No obstante, tal como vengo detallando, el aluvión de cambios que aparejó la instauración
de la sociedad posindustrial incidió de manera notoria en el socavamiento de las bases de
sustentamiento valorativo y significante sobre las que se había configurado la familia
nuclear. La disgregación en parte de su ensamblado interno (pérdida de autoridad
parental, falta de contención y de límites, ausencia de comunicación, etc.), y sus
repercusiones en el campo social (tendencia a la anomia, aumento de la delincuencia,
alienación, etc.), se complementan con la progresiva pérdida del papel que cumplía desde
el punto de vista socioeconómico.
Sabemos que desde sus albores la familia conyugal generaba sujetos que luego de su
respectiva instrucción (no necesariamente escolar), irían a ocupar casi con seguridad un
puesto en la cadena de producción.

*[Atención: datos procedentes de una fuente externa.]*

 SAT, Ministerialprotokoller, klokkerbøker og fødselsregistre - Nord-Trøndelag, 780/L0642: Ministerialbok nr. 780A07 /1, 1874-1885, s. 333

En el mejor de los casos, la obtención de ese puesto se
lograría según la calidad y la cantidad de su capacitación, como lo viene planteando desde
sus comienzos el capitalismo en su versión darwiniana de la supervivencia del empleado
más apto.
Con todo, estos severos cambios hicieron que los sujetos que emergían de las familias de la
modernidad se encontraran vislumbrando como su futura inserción social y su horizonte
laboral entraban también en un destructivo circuito de cuestionamiento, ya que el nuevo
modelo socioeconómico no incluía, por un lado, el criterio del pleno empleo y, por otro,
abandonaba a su suerte al atemperador Welfare State, generando simultáneamente una
creciente marginación y exclusión.
Esta novedosa e inédita situación quiebra el lógico encadenamiento que a lo largo del siglo
XX se había establecido con el arribo de la industrialización masiva, aquel que regulaba el
flujo entre una mayor demanda de sujetos instruidos acordes a la sofisticación tecnológica
y el aumento de los puestos de trabajo con la consecuente complejización de los mismos.

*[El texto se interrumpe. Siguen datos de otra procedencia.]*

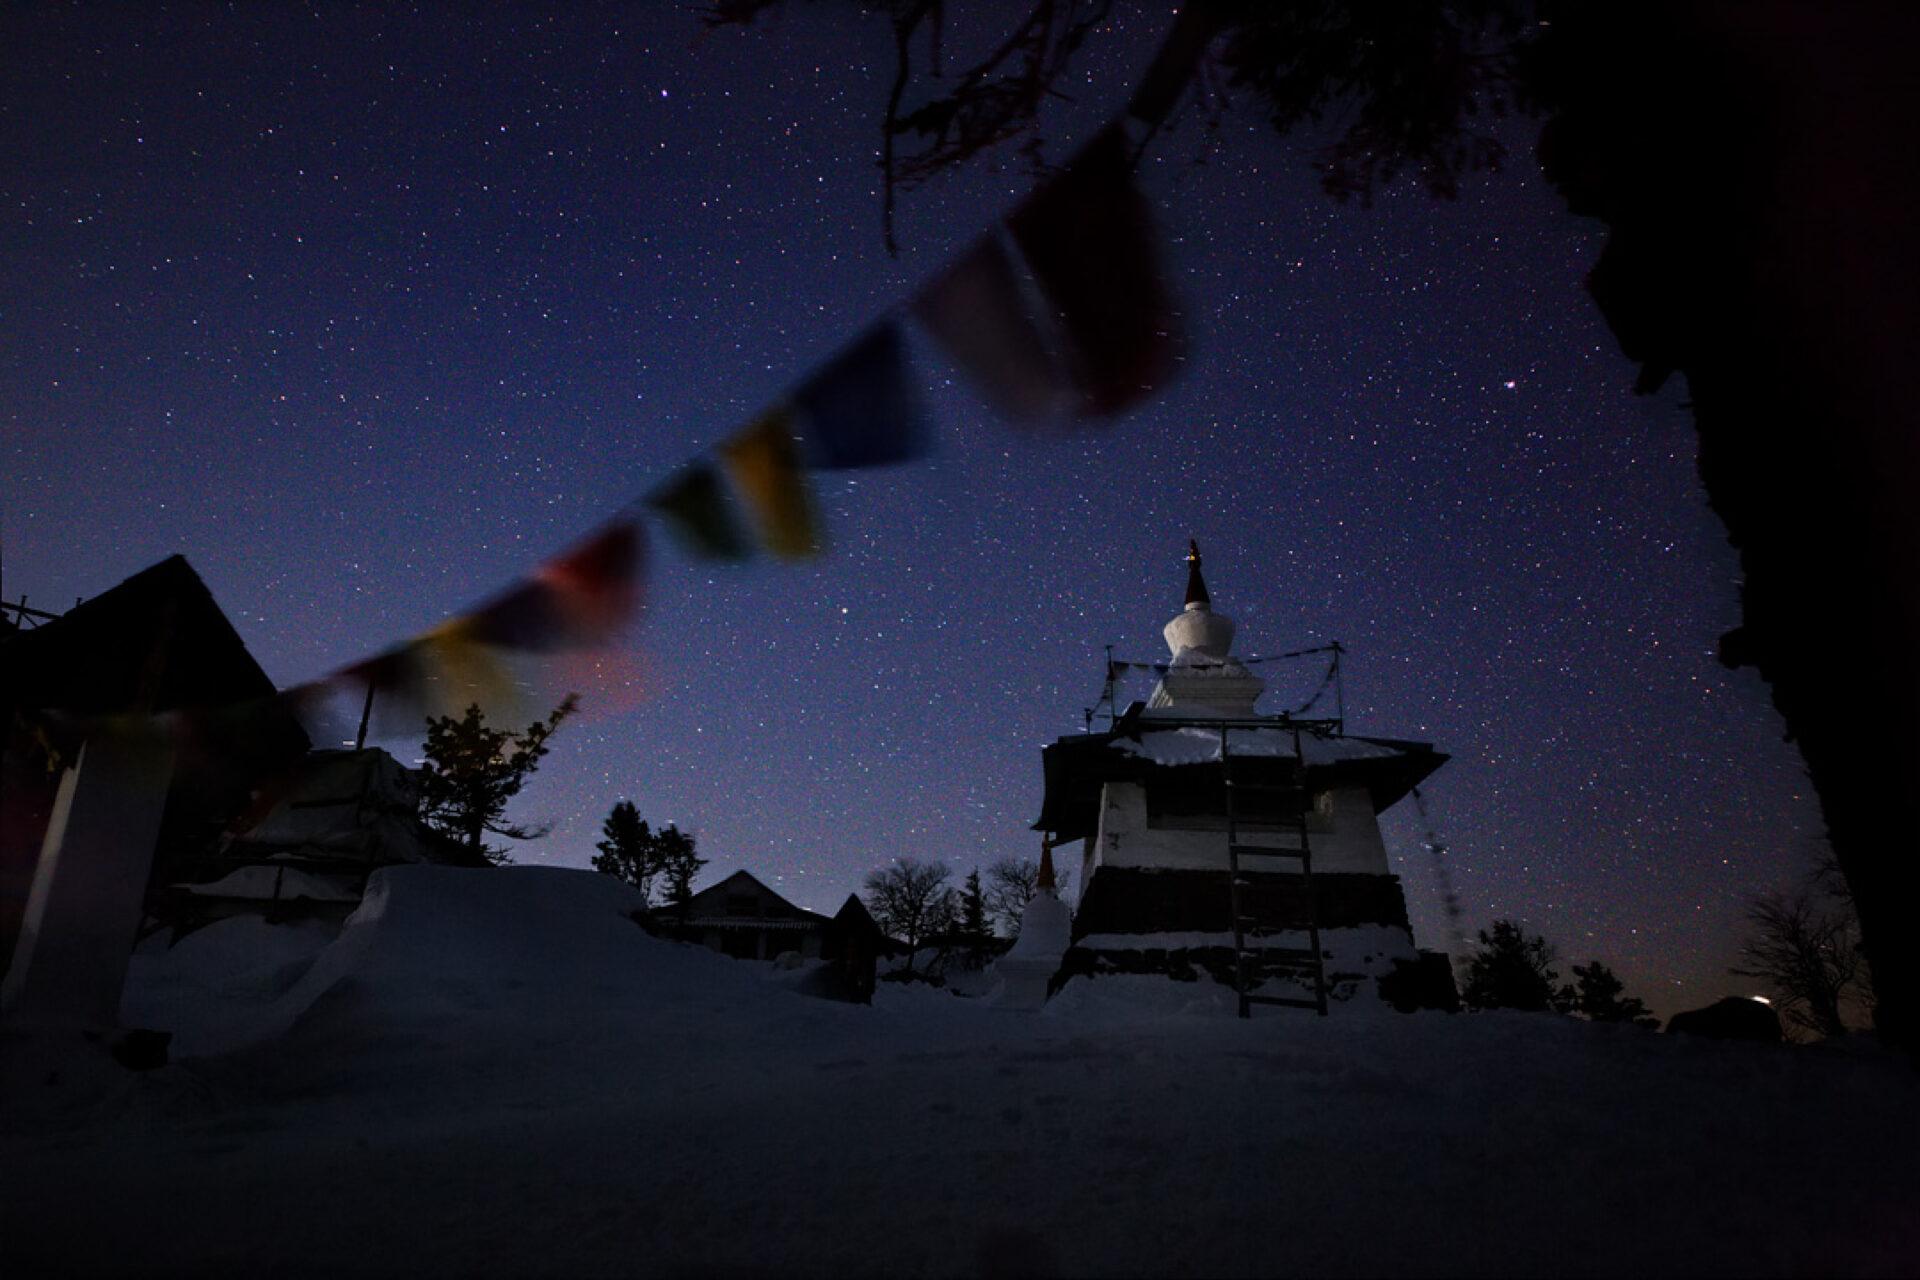 Качканар: Шедруб Линг

Aquel encadenamiento que había tenido por resultado el ensanchamiento del espectro de
oportunidades y la diversificación de las vocaciones, con cierta garantía de que tanto éstas
como aquellas tendrían posibilidad de plasmarse, se encontraba en una irremisible y
definitoria trayectoria de colisión.
De esta suerte, la economía de aquella sociedad había estado marcada por la expansión y
ésta se había constituido en la resultante del promisorio panorama que había teñido con
sus tonalidades el tránsito de este acortado siglo, aquel se inició en 1914 con la Gran
Guerra y finalizó con la disolución del bloque soviético en 1989. El espiralado proceso
expansivo sólo se había interrumpido bruscamente en dos oportunidades: una por la crisis
económica que desató la depresión de los años ‘30 y la otra por el hiato destructivo de las
dos grandes guerras mundiales. Luego de su finalización en 1945, y al calor de la Guerra
Fría , la producción industrial enfiló su rumbo hacia un nuevo punto de inflexión ya que
muchas de las invenciones que se habían desarrollado para fines bélicos se aplicaron con
gran éxito en el campo civil.
A partir de ese momento los cambios tecnológicos trocaron su calidad de vertiginosos por
la de indetenibles, arrastrando hacia lo obsoleto, seguramente sin que se pudiera prever,
no sólo a los descubrimientos científicos más recientes sino también a una estructura de
valores junto al imaginario que la sustentaba. De esta manera, se perdió definitivamente el
rumbo que orientaba los criterios de inserción en la sociedad adulta que tuvieron vigencia
durante la modernidad.
¿Tendrá, por lo tanto, la familia nuclear sus días contados como le ocurrió a la parentela, o
se salvará con algún enroque de último momento?
¿De mediar un enroque, la nueva versión agiornada de familia emergerá de esta crisis
remodelada por un efecto transicional o, por el contrario, se parchará a sí misma con
alguna nueva sintomatología suturante?